Monday, June 13, 2011

Socrates vs. Aristotle

I think I have lamented earlier in these posts about our culture's devotion to Socrates' theory of ethics and knowledge. According to the Socrates -- as Plato depicts him in his dialogs, in any case -- no one wants evil: as long as they know what's good, they'll pursue it. I doubt that there's actually any direct connection between American television and Socrates, but our public service announcements blare away in the happy hope that if we just tell kids that drugs are dangerous, they'll refrain from trying them. With the same hallucinating faith (is that even worse than blind faith?), the schools teach America's youth about "safe" sex, thinking that as long as high-school students (or middle-schoolers!) know about condoms, teen pregnancy and the spread of STDs will decrease.

How refreshing the other day to read Aquinas explain just why Socrates was wrong! In his section on sin, Aquinas has to battle this old theory that only ignorance can cause it, and he makes his first attack not with Bible verses or a line from Augustine but with Aristotle's Ethics. In book VII, "the Philosopher" (as Aquinas reverently calls him) points out that knowledge is not always actual: we know a lot more than we have in consciousness at any one time. I know, for instance, that the square of any even number is even and the square of any odd number odd, but I hadn't actually thought about it in a very long time. So a person with all the right knowledge can still sin: sometimes we just forget what's right and what's wrong, and sometimes passions distract us from actively considering the right knowledge.

With the aid of the Bible and other Christian authorities (including Augustine), Aquinas's analysis of sin goes a little farther. The first step involves defining sin. Following Aristotle, Aquinas agrees with Socrates that no one chooses evil per se. A sin is the choosing of a temporal, changeable good against reason or eternal law (or both). Earlier in my life, with little theological or philosophical training, some things that Aquinas calls good seemed neutral or even evil to me. Trying to be virtuous, I wouldn't have called money good twenty years ago. But money is good. It can't buy happiness, but as George Bailey says, "It comes in pretty handy." It can buy shelter, food, clothes, gifts, beautiful things, tickets to nice places, and so on. Money in itself is good; only its improper use is evil. Pleasure, too, is good. A life lived entirely for pleasure is not good, and without having thought it through, I would have said earlier that as a consequence, pleasure itself is not good. But of course it's good. Pain is evil, or else we wouldn't take pain reliever, and pleasure is good, or else we wouldn't ask for backrubs.

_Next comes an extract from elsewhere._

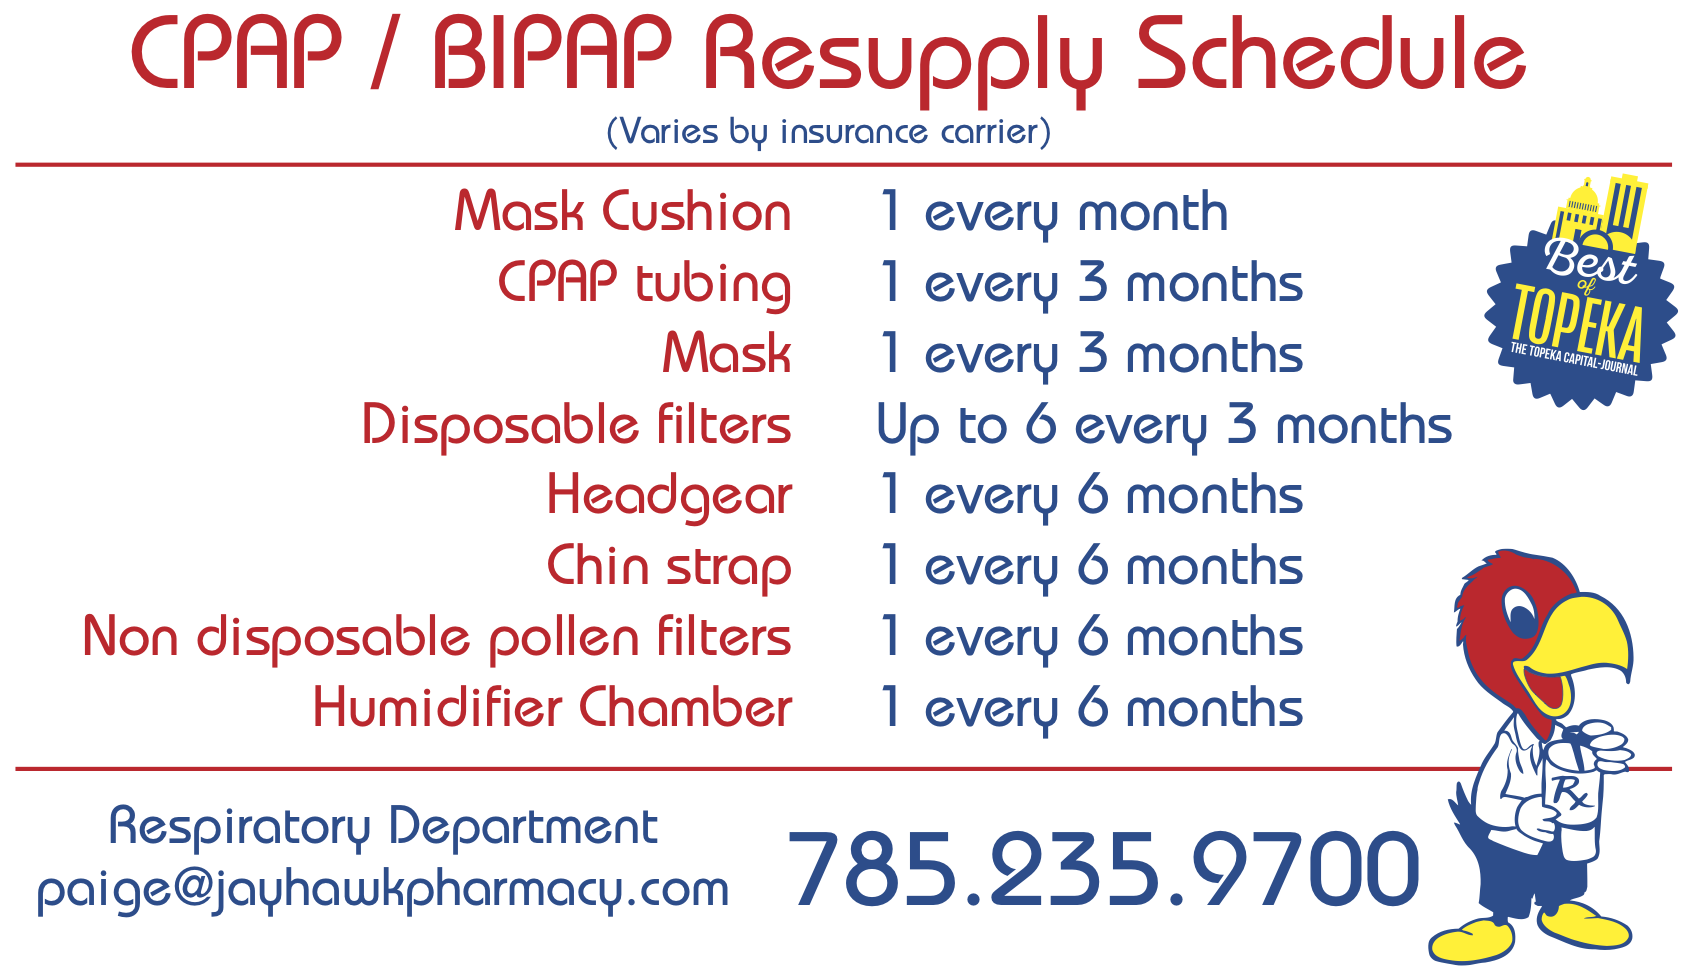 CPAP Refill - Jayhawk Pharmacy & Patient Supply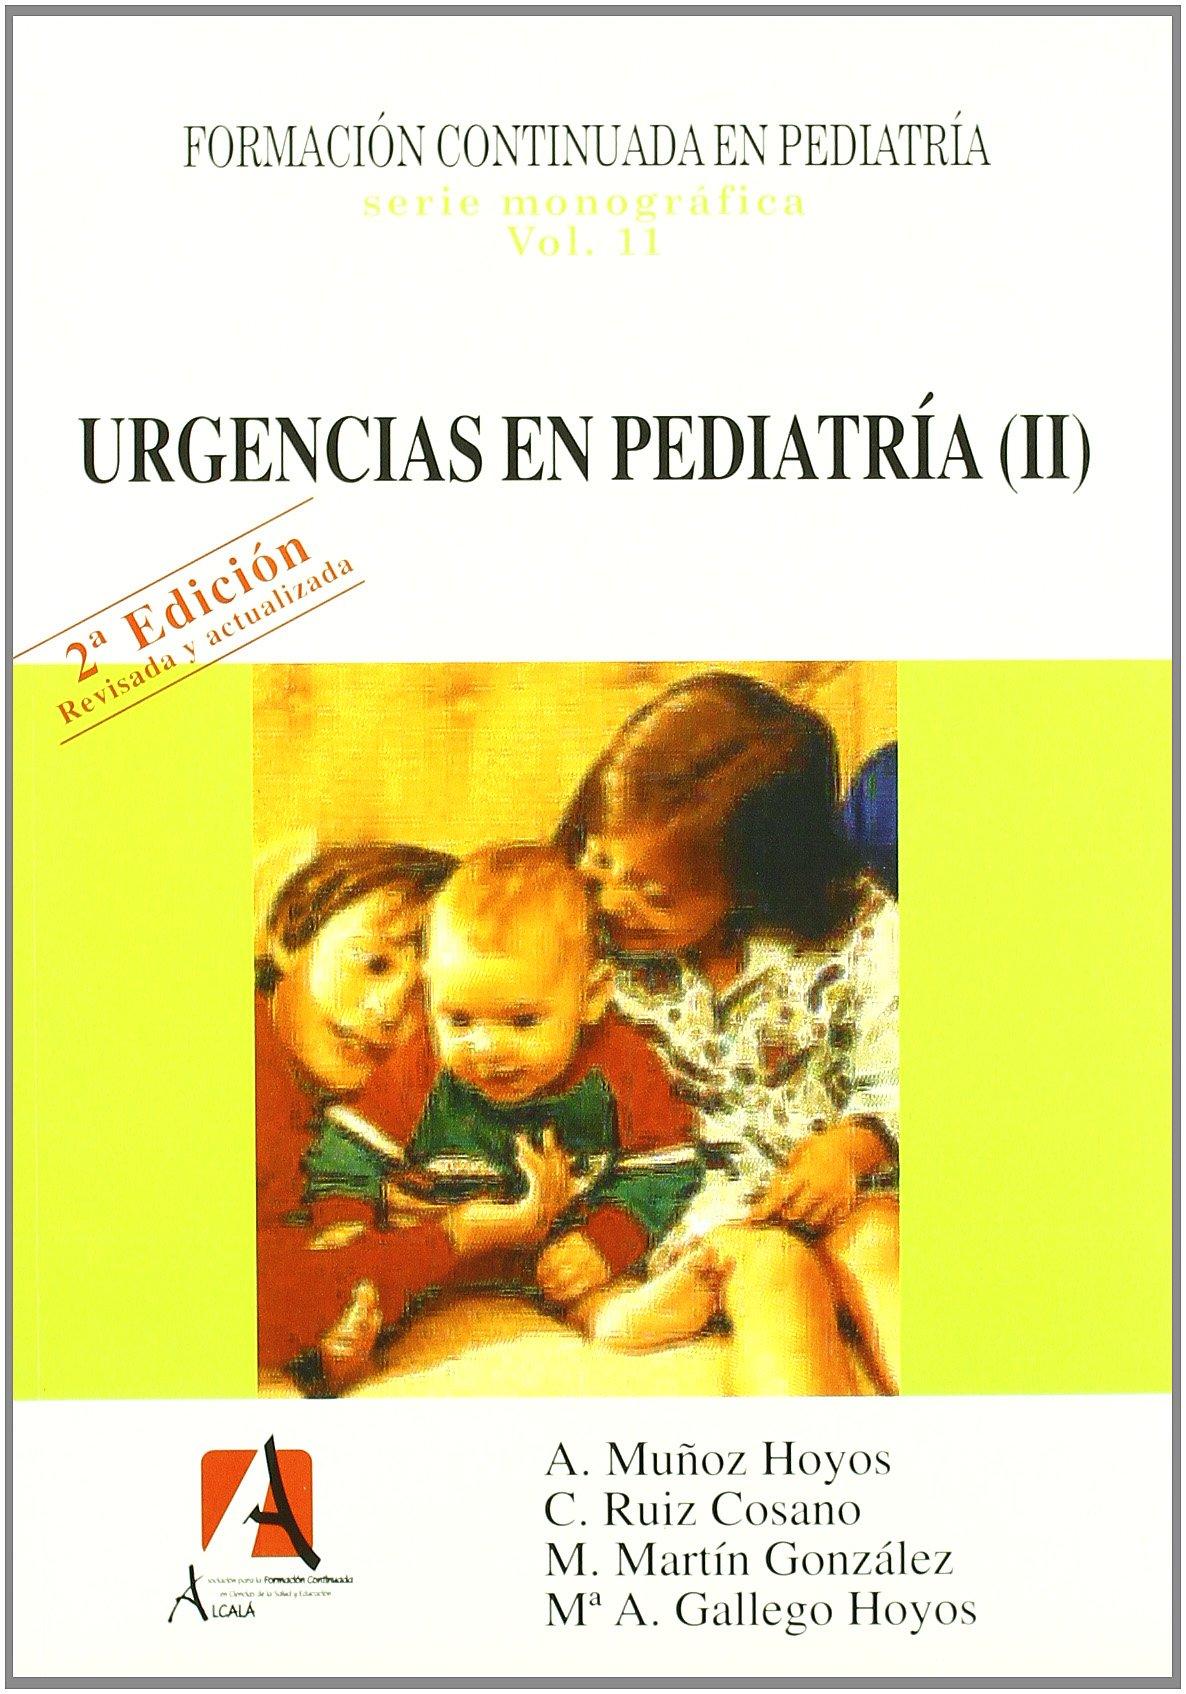 Urgencias en pediatria II / Pediatric emergency (Spanish Edition): Antonio  Munoz Hoyos, C. Ruiz Cosano: 9788495658890: Amazon.com: Books

The key to understanding how we sin by choosing something good is in the hierarchy of goods. Goods of the soul rank higher than physical goods. Eternal goods ranker higher than temporal goods. A good that is used (like money when I use it to buy ice cream) ranks lower than the good I use it for (i.e., the ice cream). And so on. People regularly opt for some kind of pain (i.e. evil i.e. loss i.e. lack of good) as the price for a good. I might take nasty medicine to improve my health, for instance. I don't choose the evil (bad taste) for itself; primarily I choose the good thing (health) and accept the evil as a rational trade-off. Health is a higher good than pleasant feelings in the mouth, so this is a good trade. The Christian Scientist thinks exactly the same way when he makes the opposite choice. Given his premise that taking medicine hurts his soul, he chooses the disease of the body as the cost for the health of his soul, which is a higher good.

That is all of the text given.